━━━━━ INFORMATION SUPPLIED

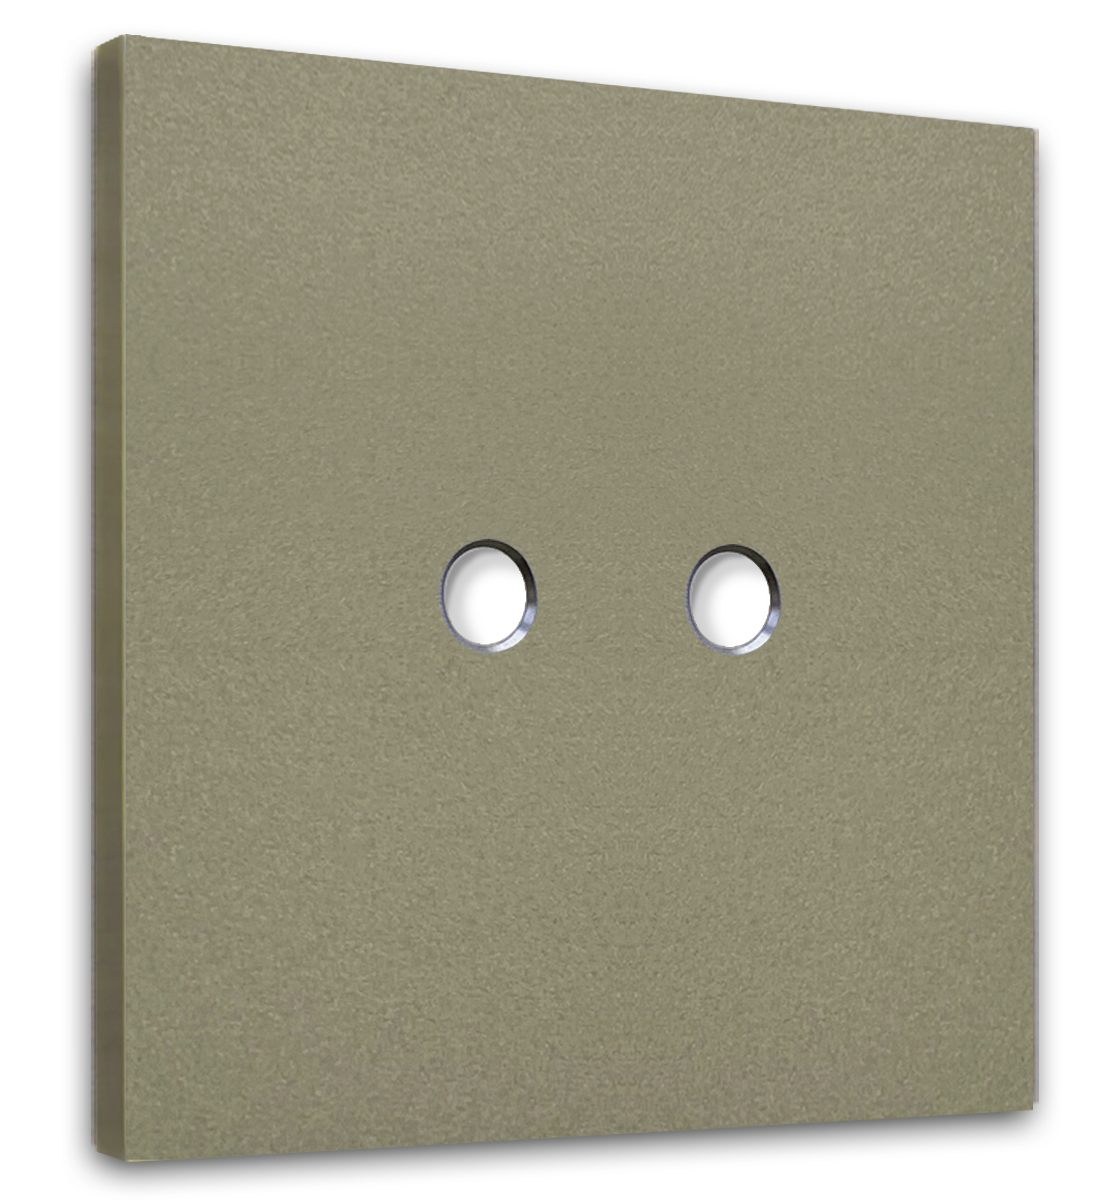 Retro-Kippschalter-Blende NINA 2-fach Bronze Metall. CJC Systems
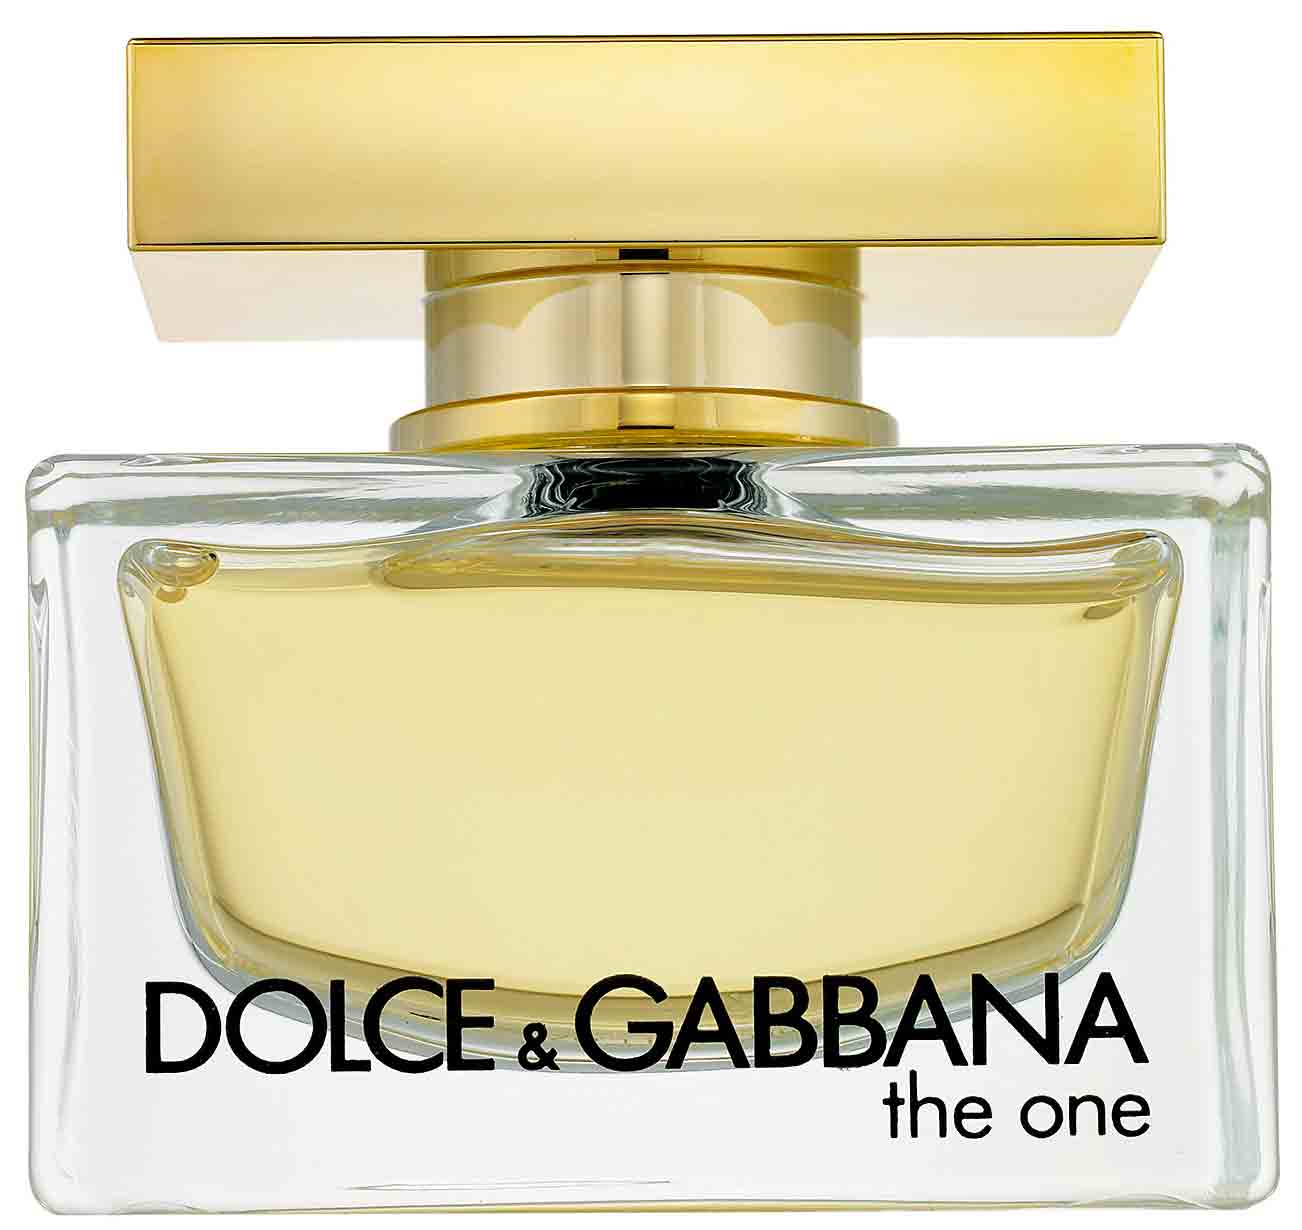 best most popular men perfumes in pakistan, latest men fragrances
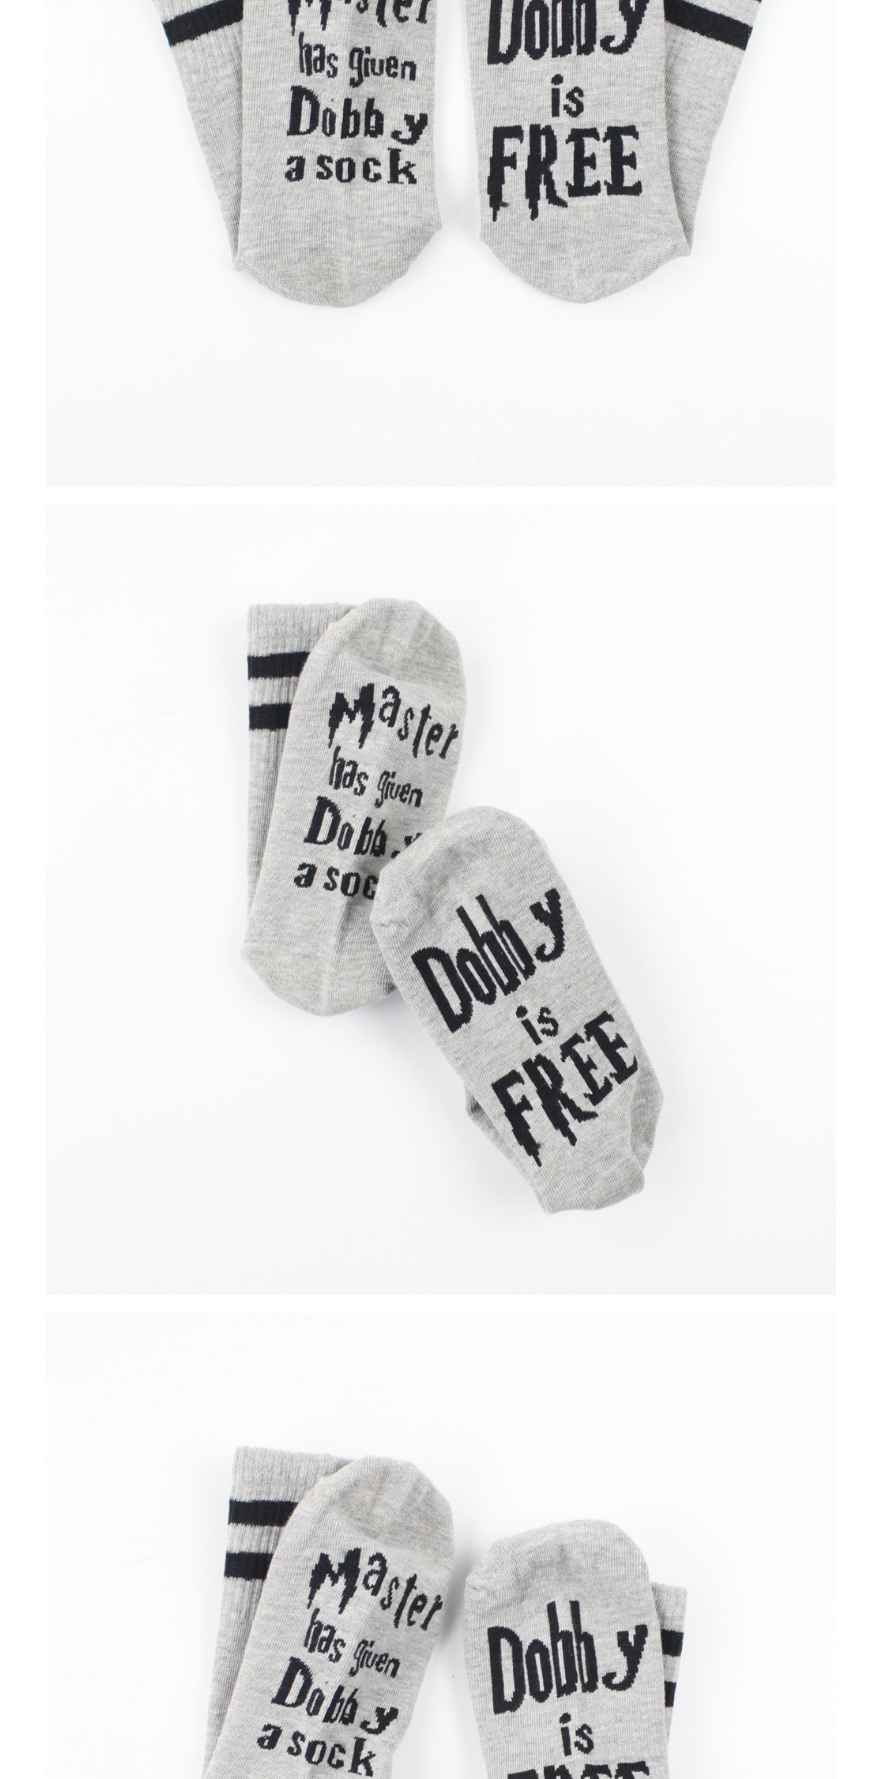 Fashion Dark Gray White Striped Socks With Letter Socks,Fashion Socks

━━━━━━━━━━

▶ [TASK DIRECTIONS]
Without copying any picture, repeat the full listing above word for word.

▶ [ANSWER BOX]
 Retro-Kippschalter-Blende NINA 2-fach Bronze Metall. CJC Systems
 best most popular men perfumes in pakistan, latest men fragrances
 Fashion Dark Gray White Striped Socks With Letter Socks,Fashion Socks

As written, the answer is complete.